2. **Resolve**: Given verbatim quote strings, locate them in the source PDF and return bounding box coordinates. Uses [pypdfium2](https://github.com/nickel-ern/pypdfium2) for per-character bbox extraction and [seq-smith](https://github.com/populationgenomics/seq-smith) for Smith-Waterman alignment.

## Quick Start

```python
import asyncio
from groundmark import DocumentIndex
from groundmark.convert import Config, convert

async def main():
    pdf_bytes = open("document.pdf", "rb").read()

    # PDF -> Markdown (requires pydantic-ai, install with e.g. groundmark[bedrock])
    result = await convert(pdf_bytes, Config(model="bedrock:au.anthropic.claude-sonnet-4-6"))
    print(result.markdown[:500])

    # Resolve verbatim quotes to PDF bounding boxes
    doc = DocumentIndex(pdf_bytes)
    resolved = doc.resolve(["the patient presented with"])
    # -> {"the patient presented with": [(page, BBox(top, left, bottom, right)), ...]}

    # The DocumentIndex can be reused for multiple resolve calls against the same PDF
    more = doc.resolve(["another quote from the same paper"])

if __name__ == "__main__":
    asyncio.run(main())
```

## Installation

```bash
# Resolve only (no LLM dependencies)
uv add groundmark

# With LLM provider extra(s) for conversion
uv add groundmark --extra anthropic,bedrock,google,openai
```

## Configuration

### Timeouts

The LLM call for PDF-to-Markdown conversion can take several minutes for large documents, especially with Opus on Bedrock.
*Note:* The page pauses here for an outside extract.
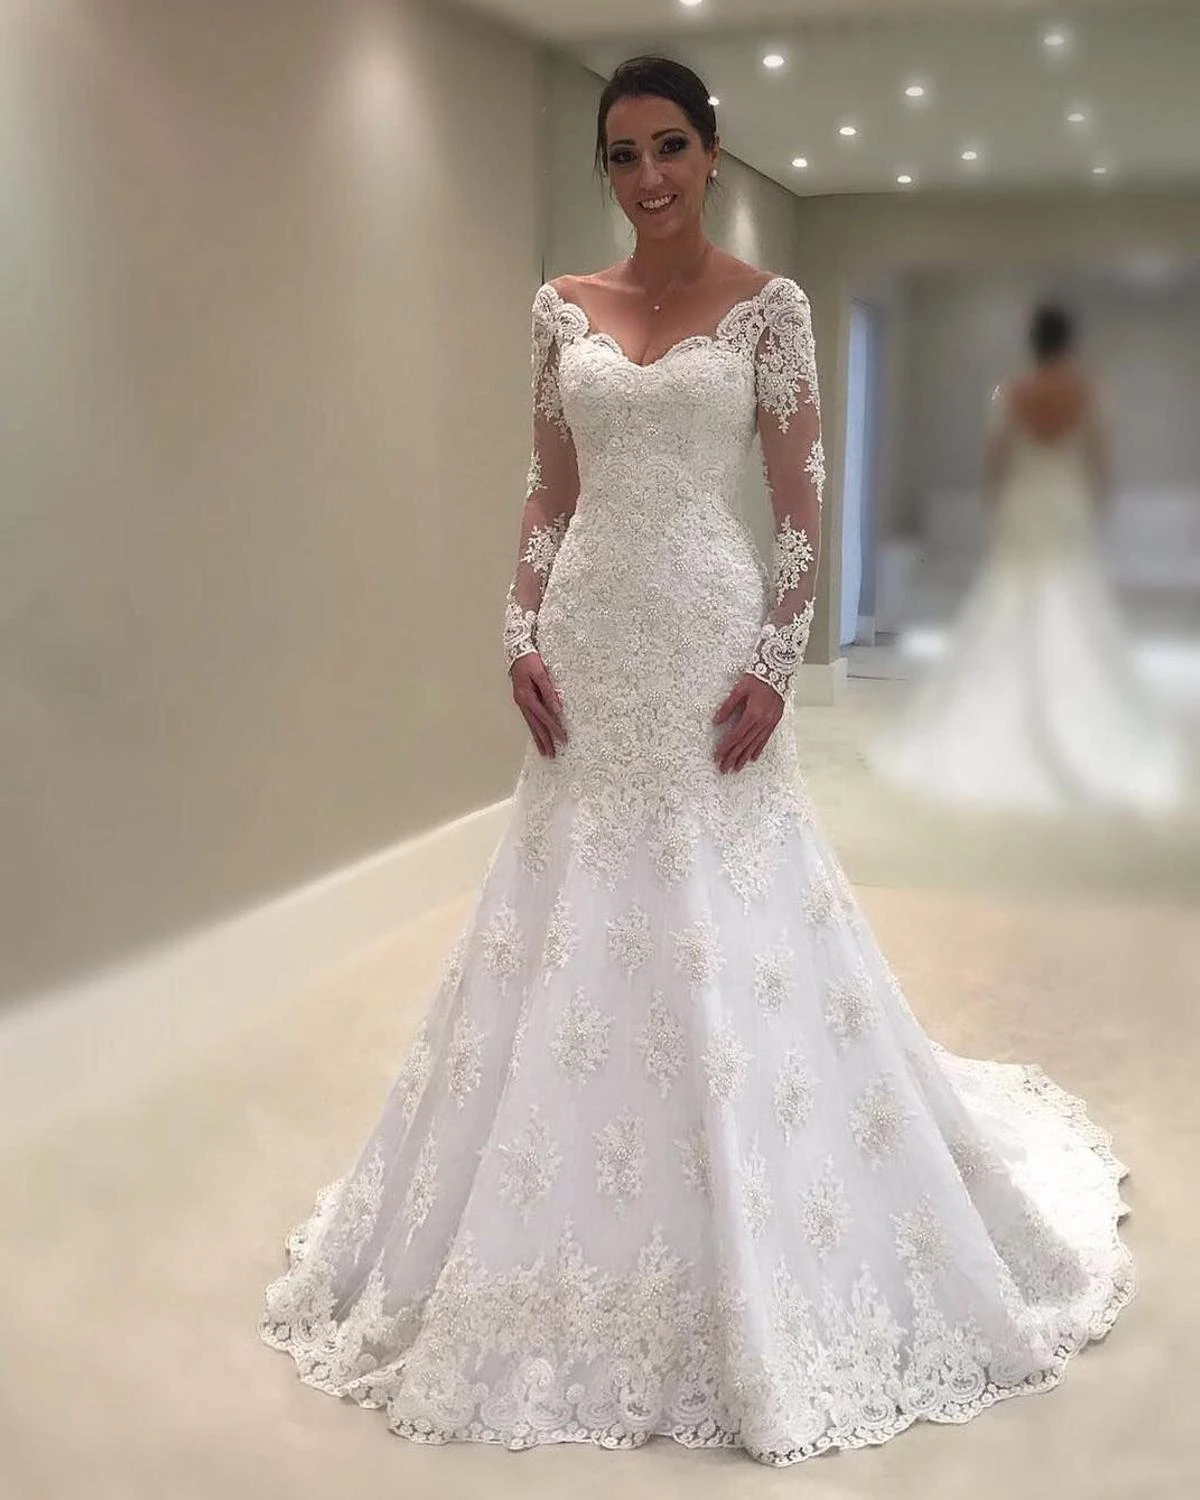 Vestido De Noiva Elegant White/Ivory Lace Mermaid Wedding Dresses 2019 V  Neck Backless Long Sleeve Bridal Wedding Gown for Bride|Wedding Dresses| -  AliExpress

Timeout defaults by provider:

| Provider | Default | Environment Variable |
|----------|---------|---------------------|
| Bedrock (boto3) | 300s | `AWS_READ_TIMEOUT` |
| Anthropic (httpx) | 600s | — (use `ModelSettings(timeout=...)`) |

For Bedrock with Opus, 300s may not be enough. Set a higher timeout:

```bash
export AWS_READ_TIMEOUT=600
```

## License

This project is licensed under the MIT License - see the [LICENSE](LICENSE) file for details.